Kami sampaikan penghargaan dan ucapan terima kasih kepada daerah-daerah yang telah merintis integrasi pelestarian lingkungan dan pembangunan pola ini, seperti rencana pengembangan wisata alam di Taman Wisata Alam Kawah Ijen, dengan keunggulan fenomena alam yang dikenal dengan sebutan “Blue Fire”,  dan Pemda Kabupaten Banyuwangi  bekerja keras bersama stakeholders mewujudkan kawasan wisata alam tersebut yang menarik  wisatawan mancanegara.
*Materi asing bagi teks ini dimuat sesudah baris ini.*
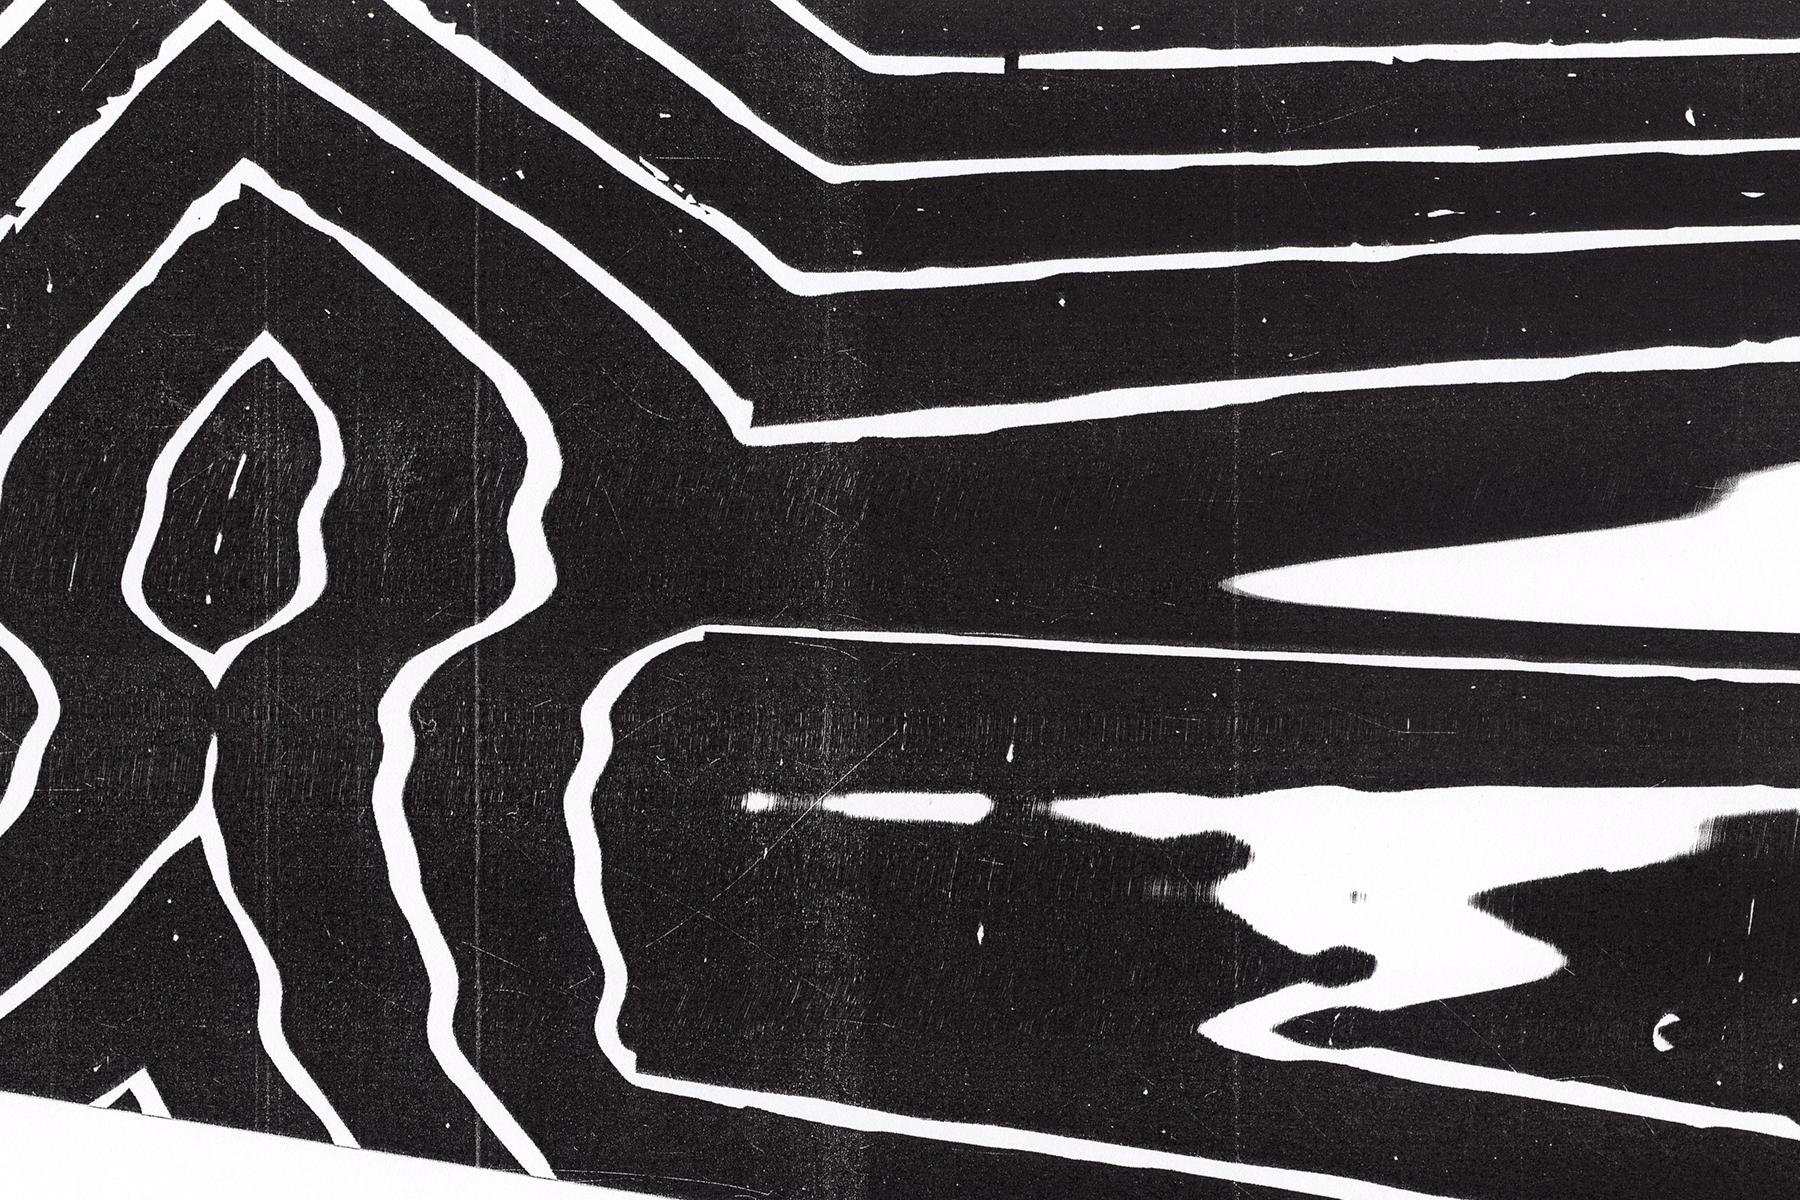 16 Photocopied Stripes example image 2
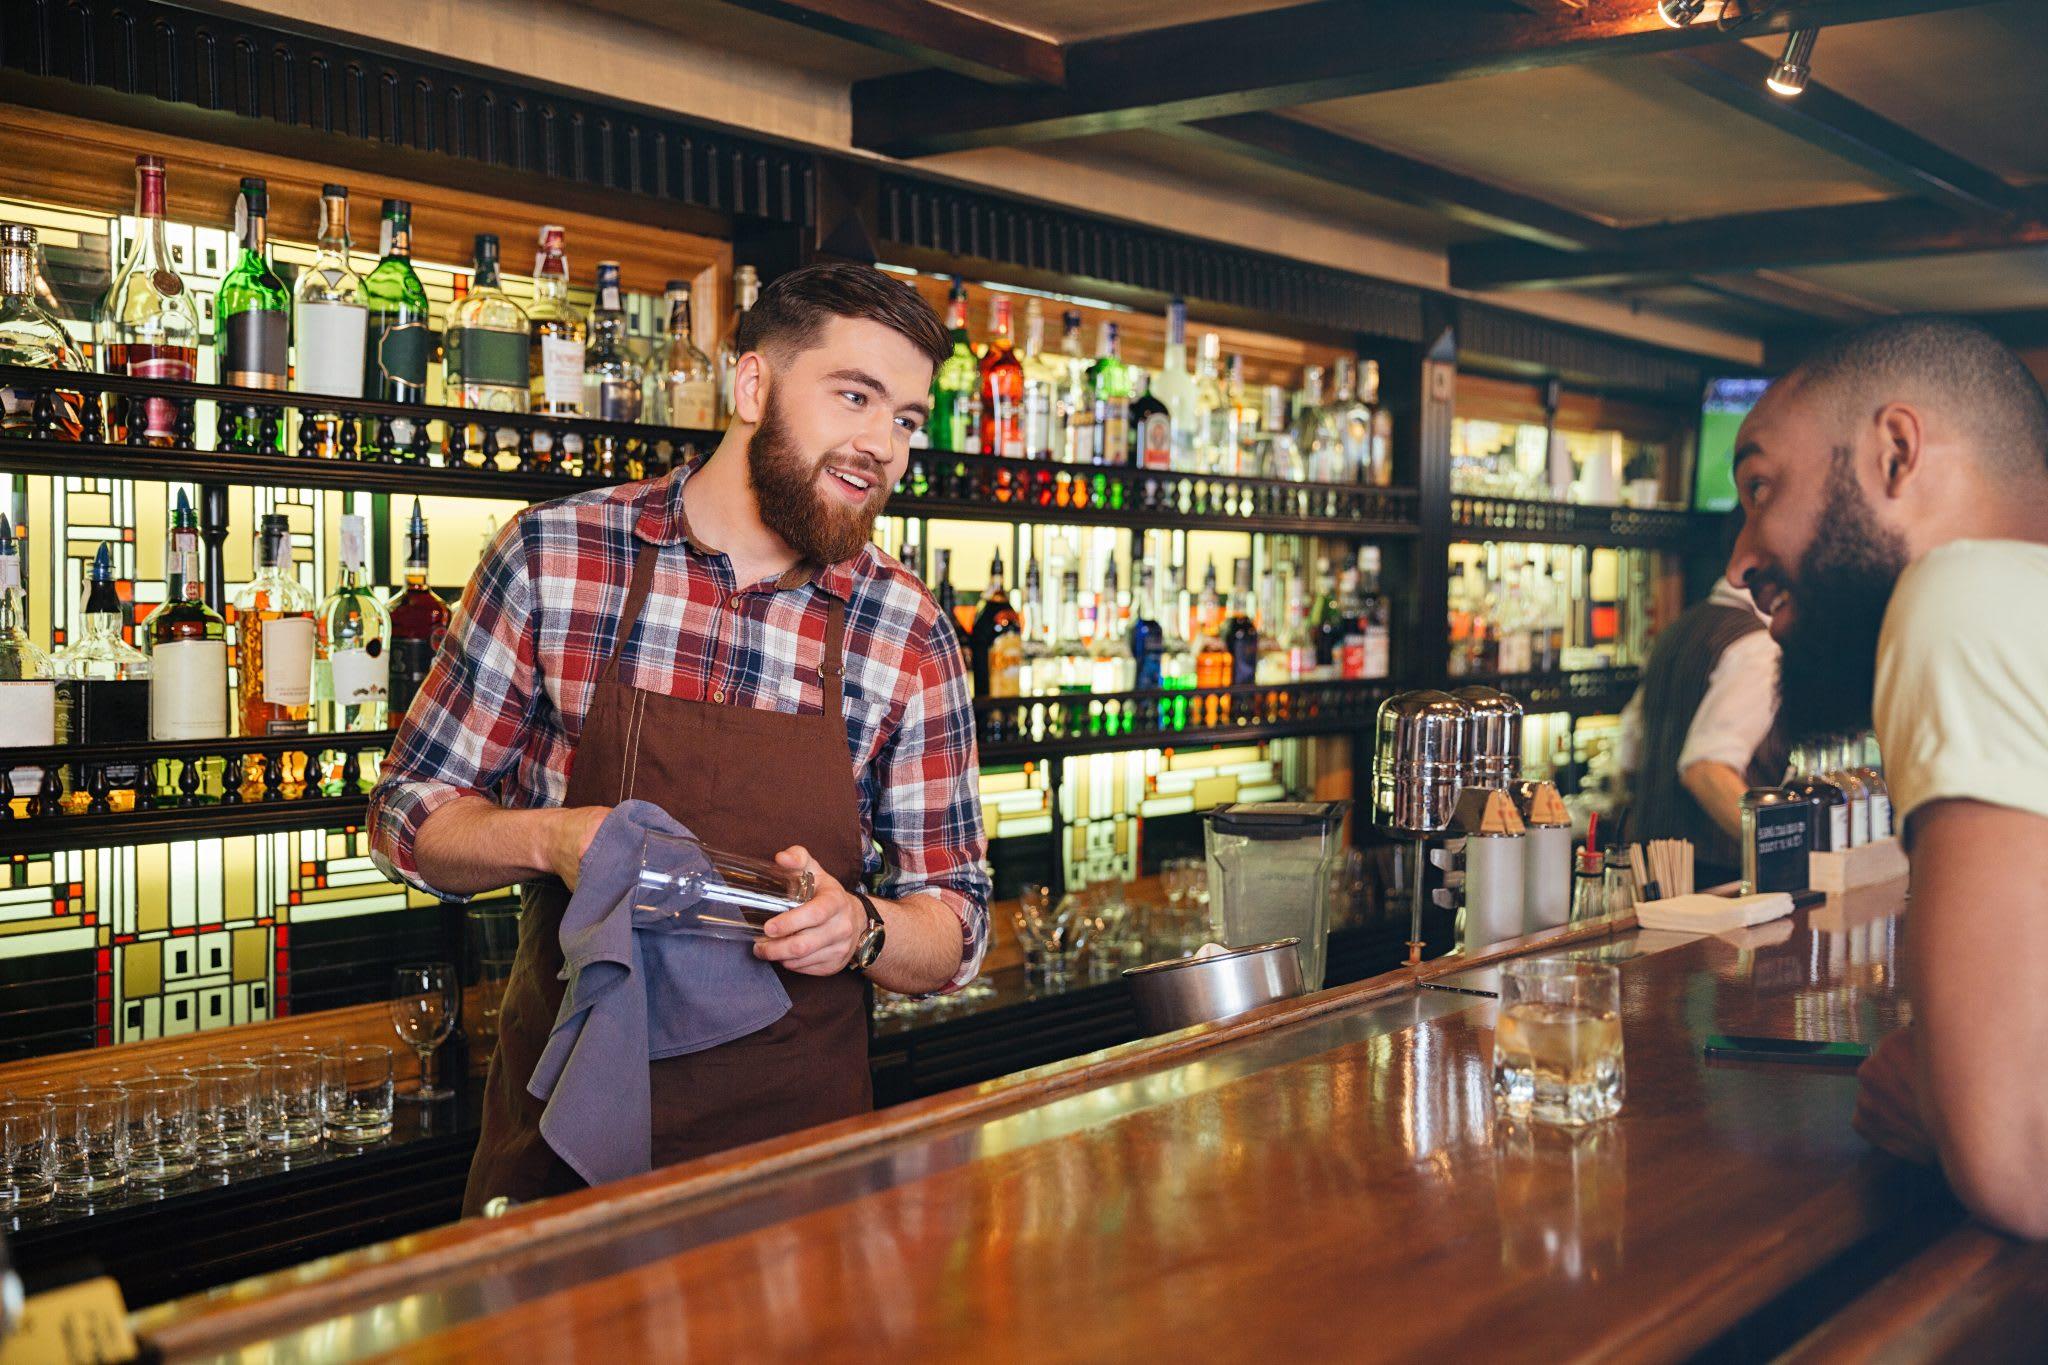 men, bar, bartender, liquor bottles, bar stock control

Juga Pemda Kabupaten Siak yang mendeklarasikan diri sebagai Kabupaten Hijau dan membangun wilayahnya dengan keseimbangan pelestarian  alam;  dan dalam  upaya  bersama pemerintah pusat menjaga kawasan Giam Siak dan mengembangkan  Taman Nasional Zamrud. Juga terima kasih kepada Pemerintah Kota Prabumulih yang sudah secara tegas menetapkan  bersih dari penambangan yang polutif.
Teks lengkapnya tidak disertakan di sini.